There’s a page about gitaly here: https://docs.gitlab.com/ee/administration/gitaly
The debug stuff at the bottom doesn’t (at 11.10) include anything relevant for this.
Googling for issues didn’t turn up anything particularly relevant; a search for ‘starting’ amongst gitaly issues is here.
fix
It looks like turn it off and turn it on fixed it.

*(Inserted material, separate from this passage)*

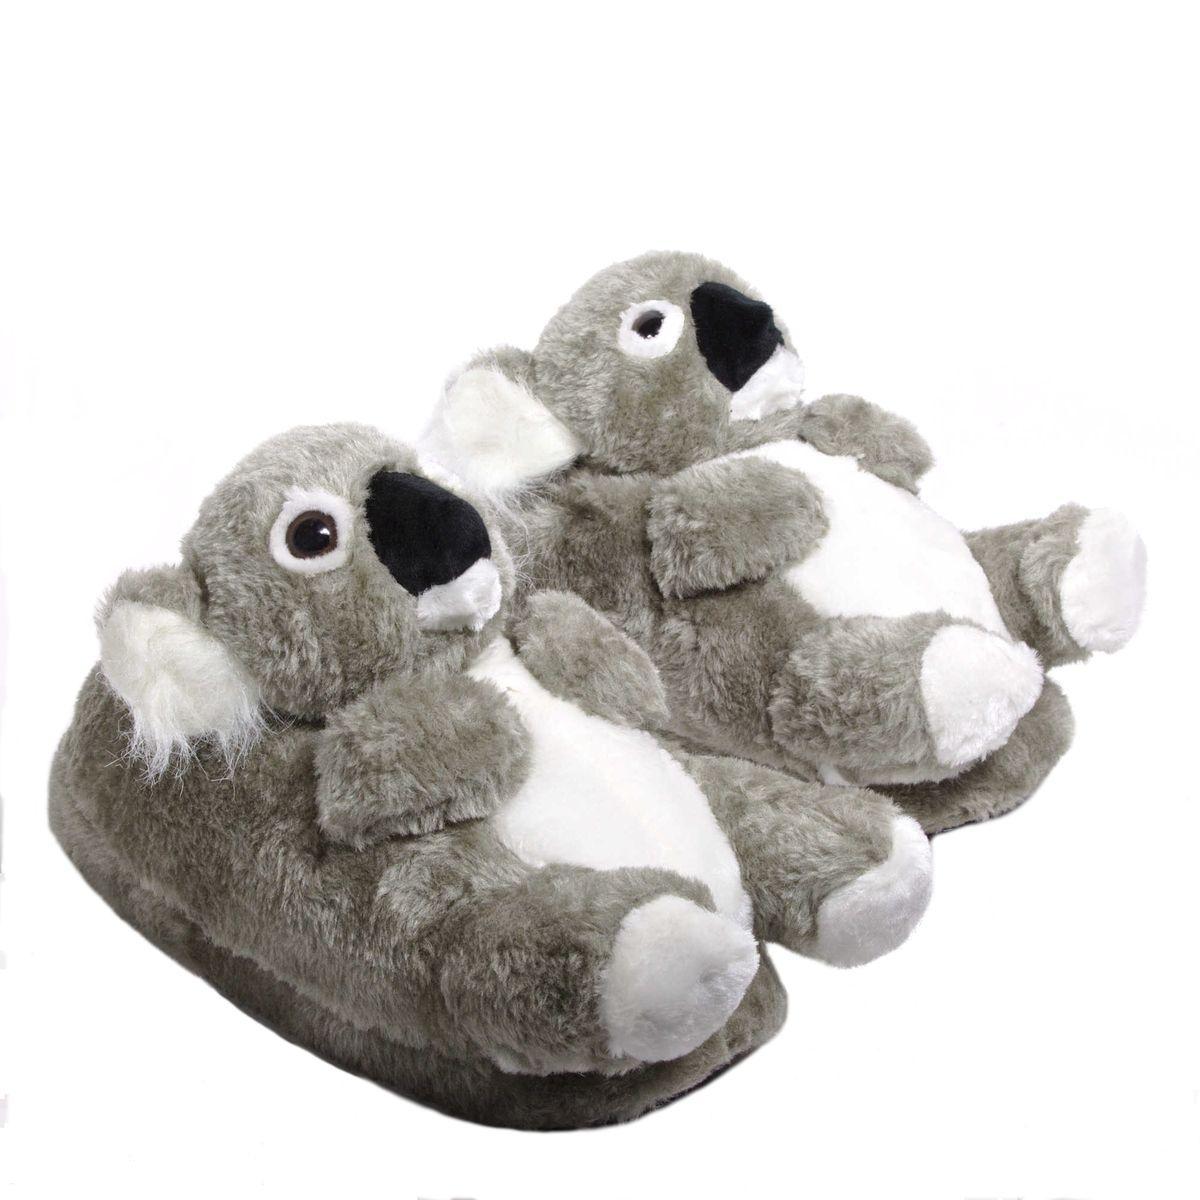 Chaussons animaux peluche Koala

The filesystem I had mounted on /var/opt/gitlab/backups had filled up .. clearly that needed fixing regardless, and it might have been the root cause. Having done that, gitaly-wrapper was clearly locked up – once that was killed by systemd, restarting fixed it.
I’m one fix release behind; 11.10.4 is released, so I’ll upgrade. 11.11.0 is also out, but I’ll wait for some fix releases before deploying.